PROVIDED MATERIAL -
....
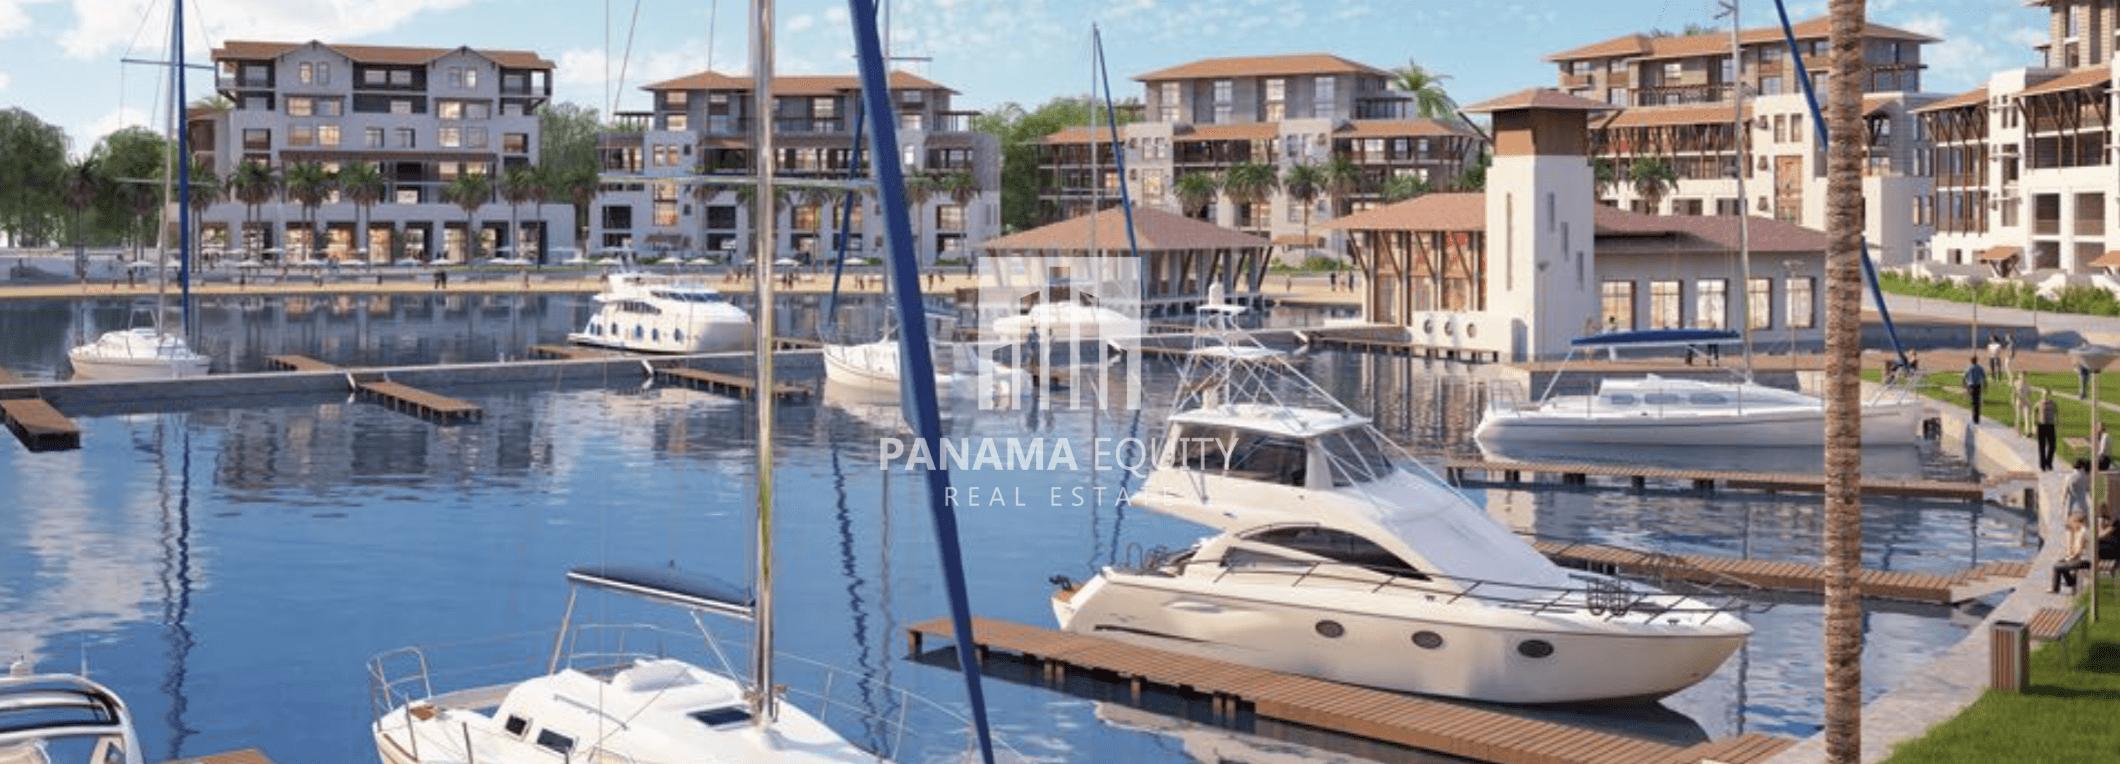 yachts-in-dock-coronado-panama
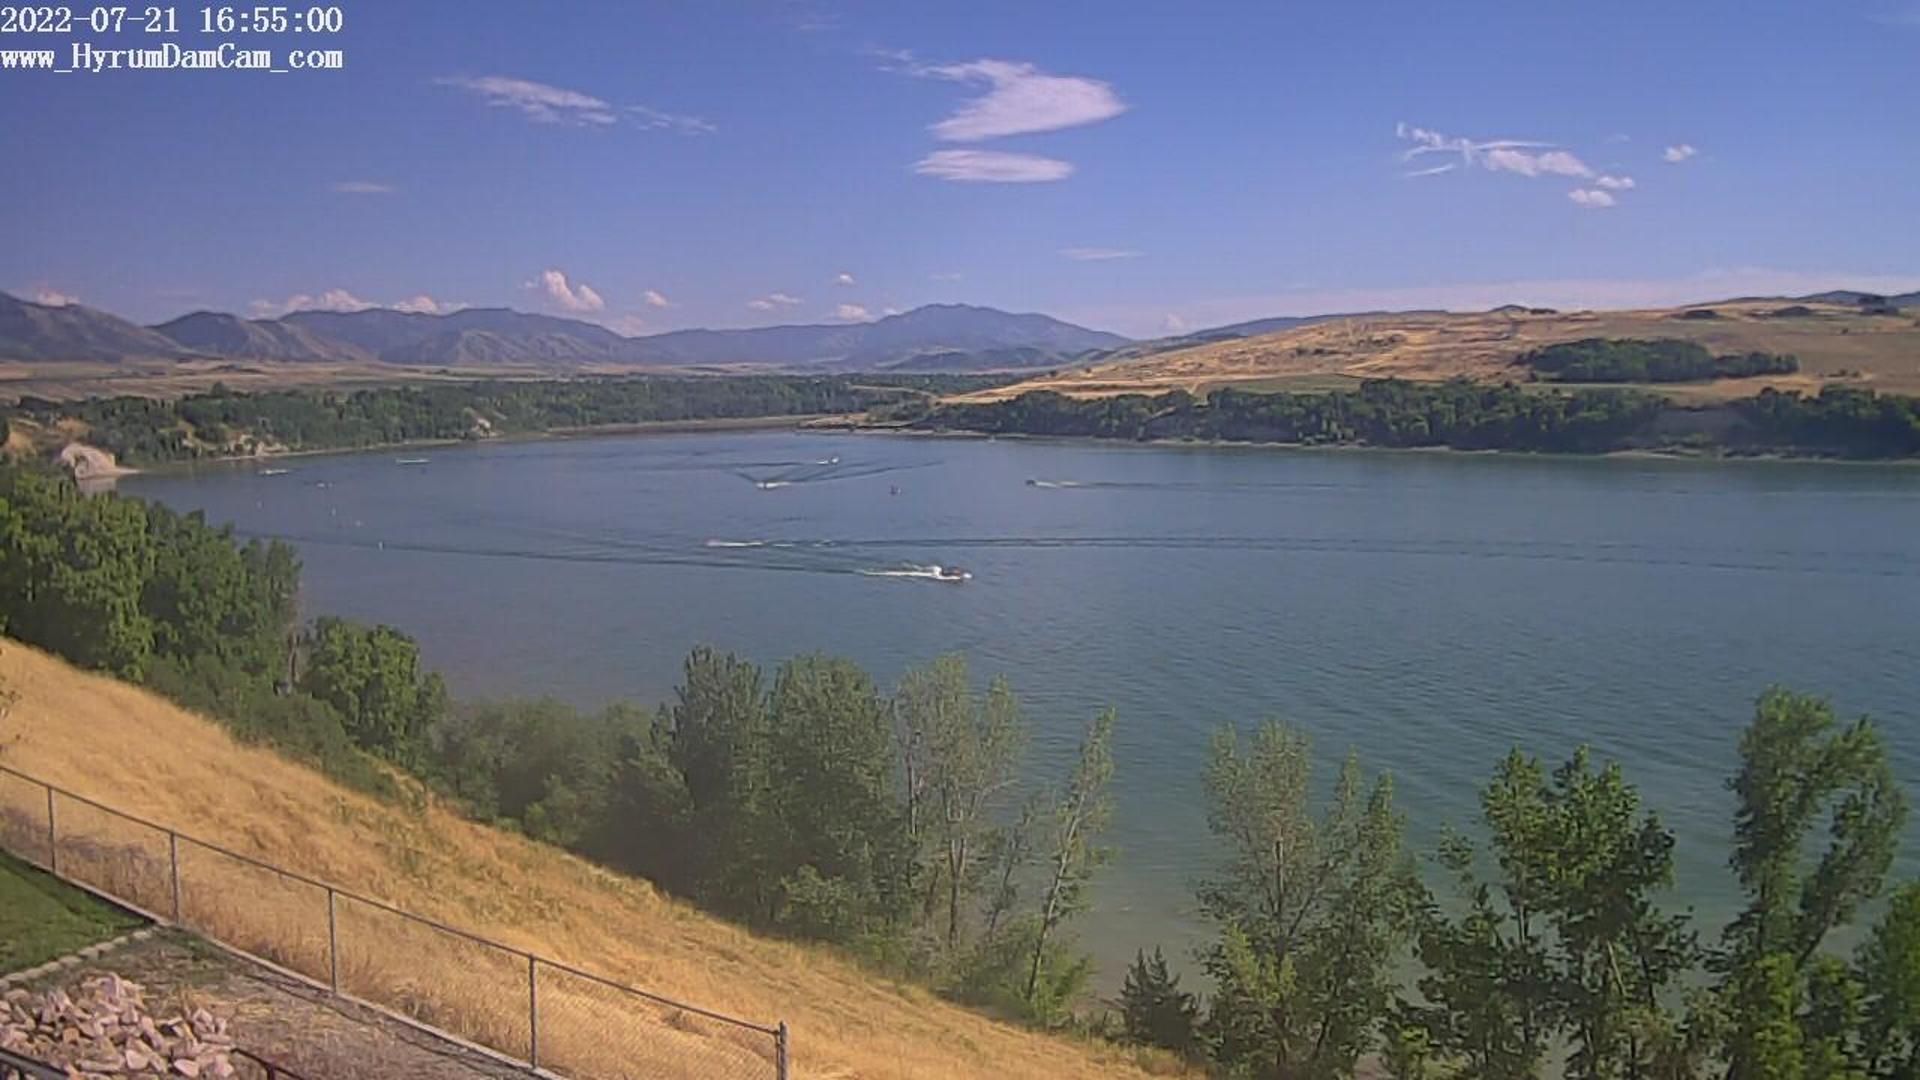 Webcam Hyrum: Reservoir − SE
....
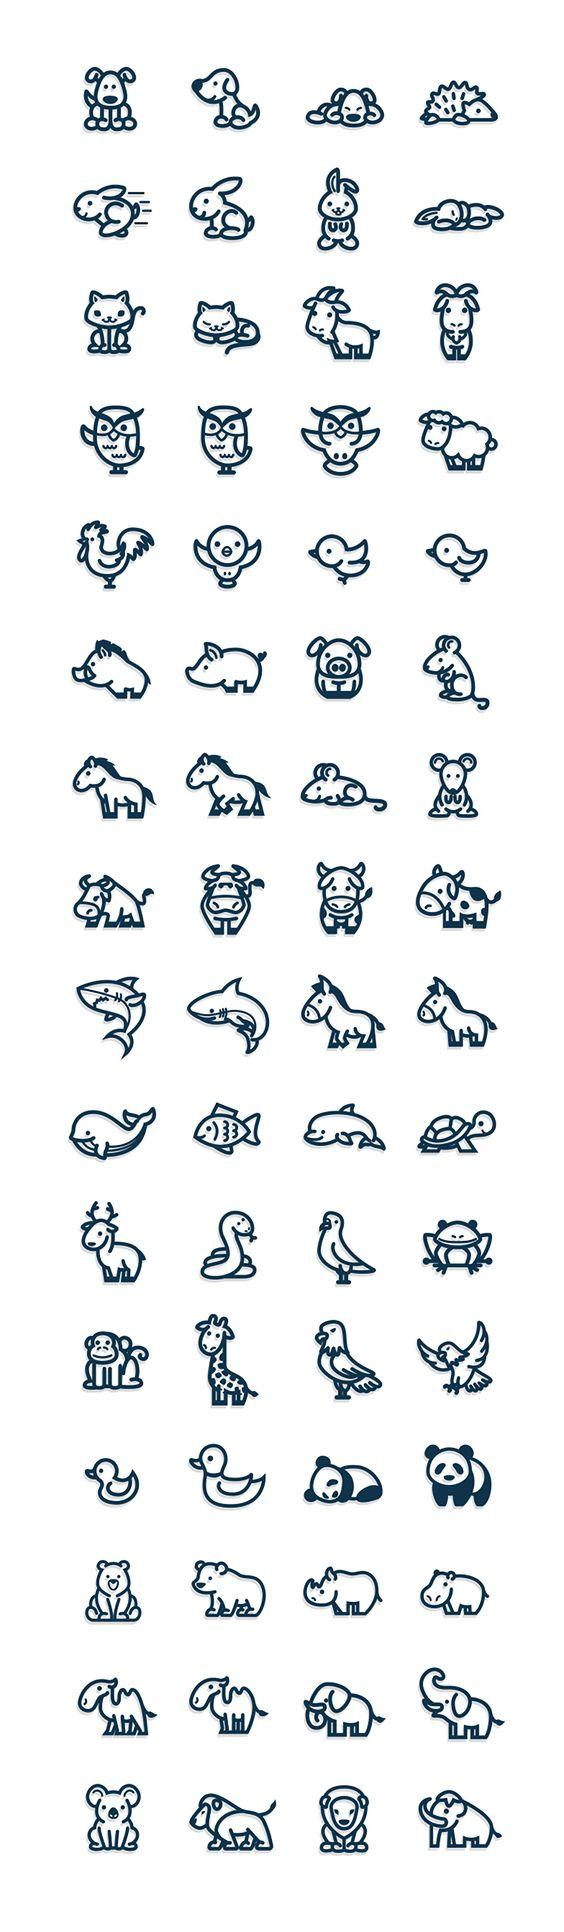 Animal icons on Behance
....
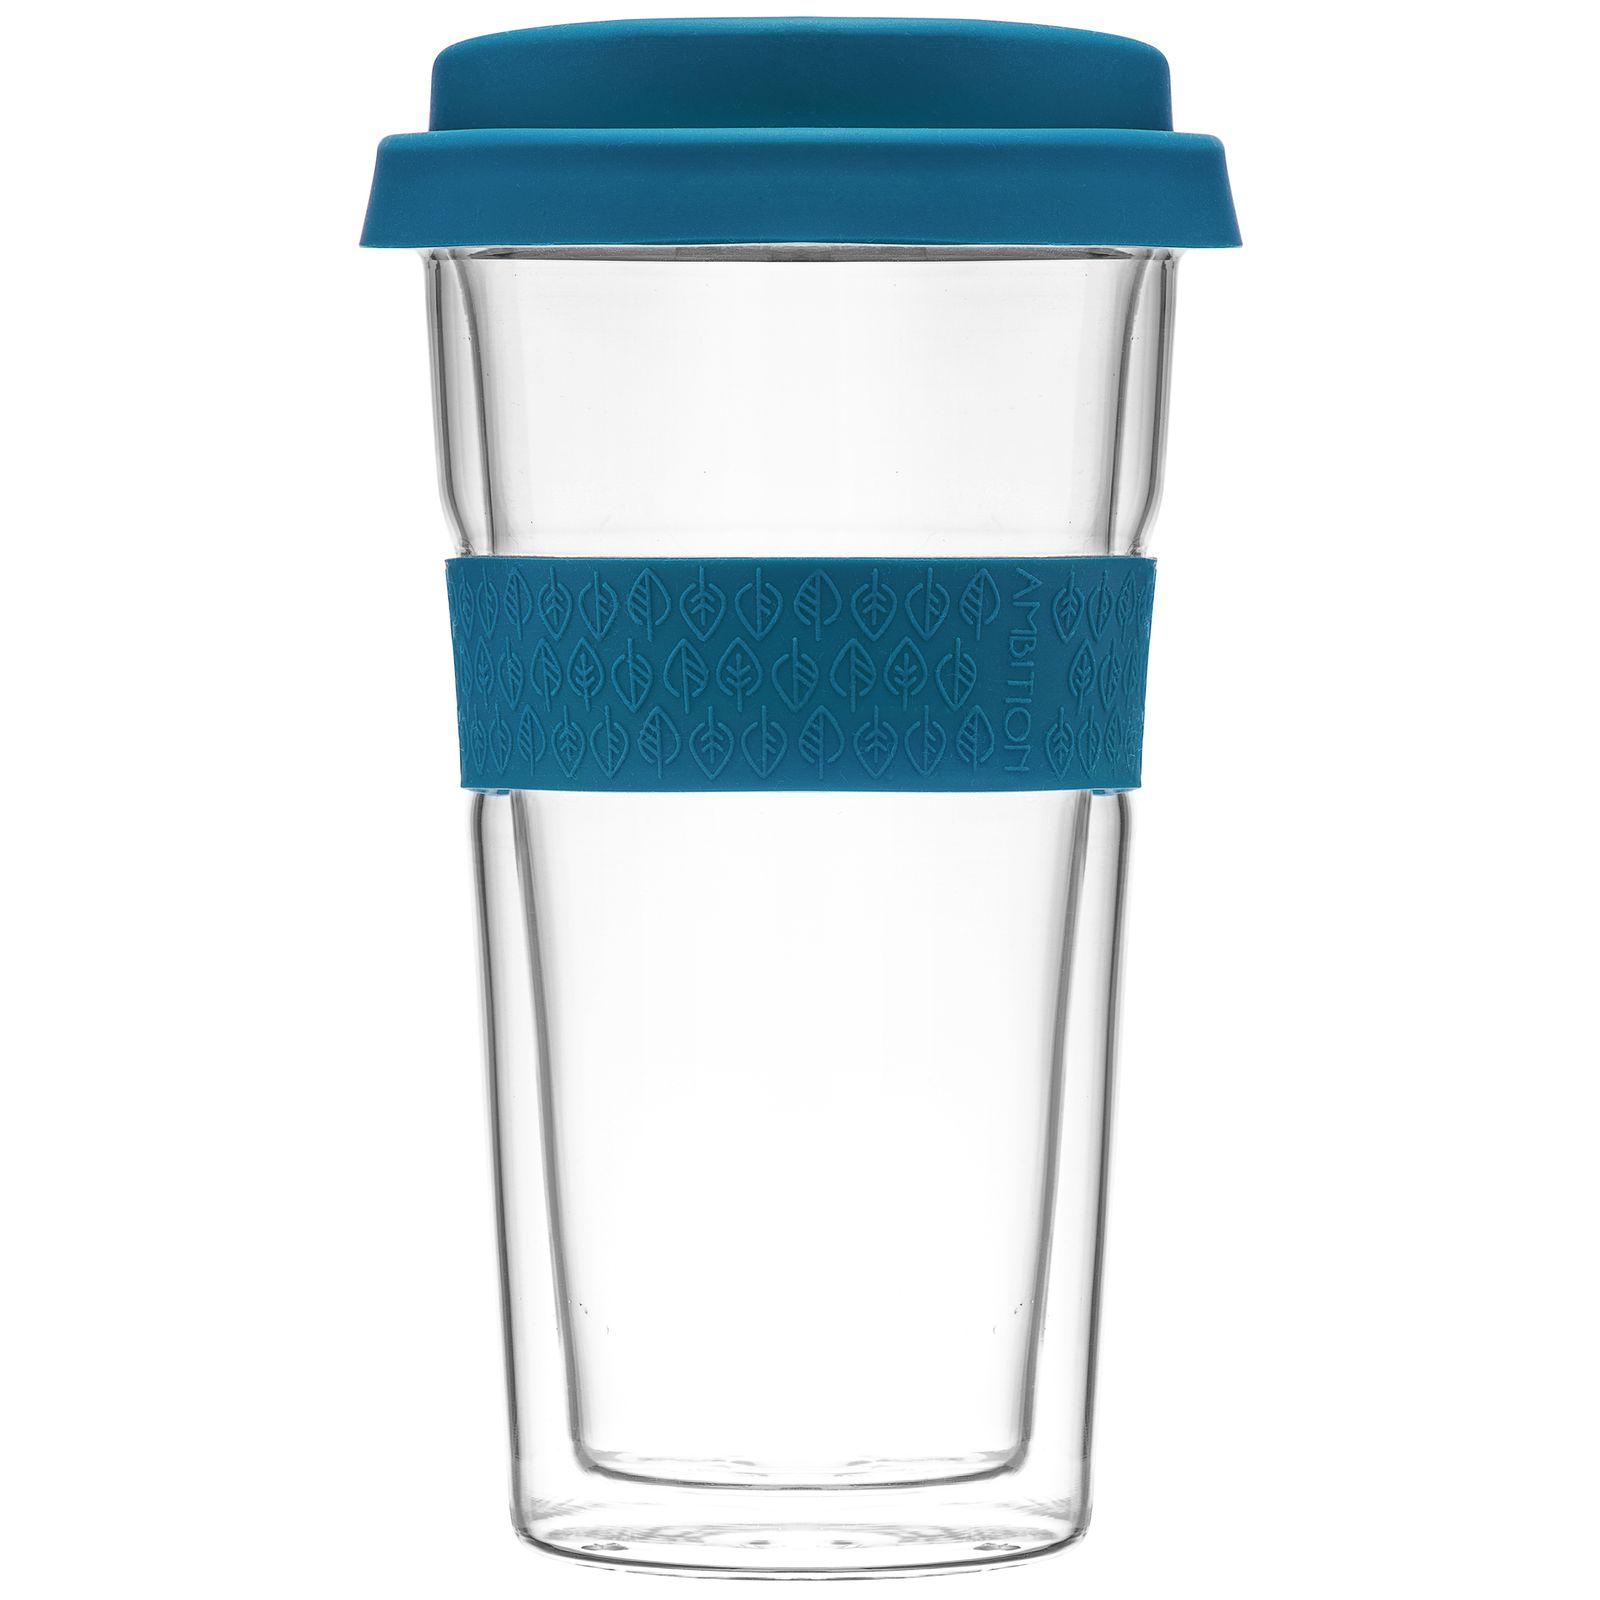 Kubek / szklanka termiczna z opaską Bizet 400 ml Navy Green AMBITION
....
WHAT THE TASK ASKS -
Out of the records above, set down only the lines from the one that contains "yachts-in-dock-coronado-panama" through the one that contains "Webcam Hyrum: Reservoir − SE", unchanged and without the pictures.

WRITTEN ANSWER -
 yachts-in-dock-coronado-panama
 Webcam Hyrum: Reservoir − SE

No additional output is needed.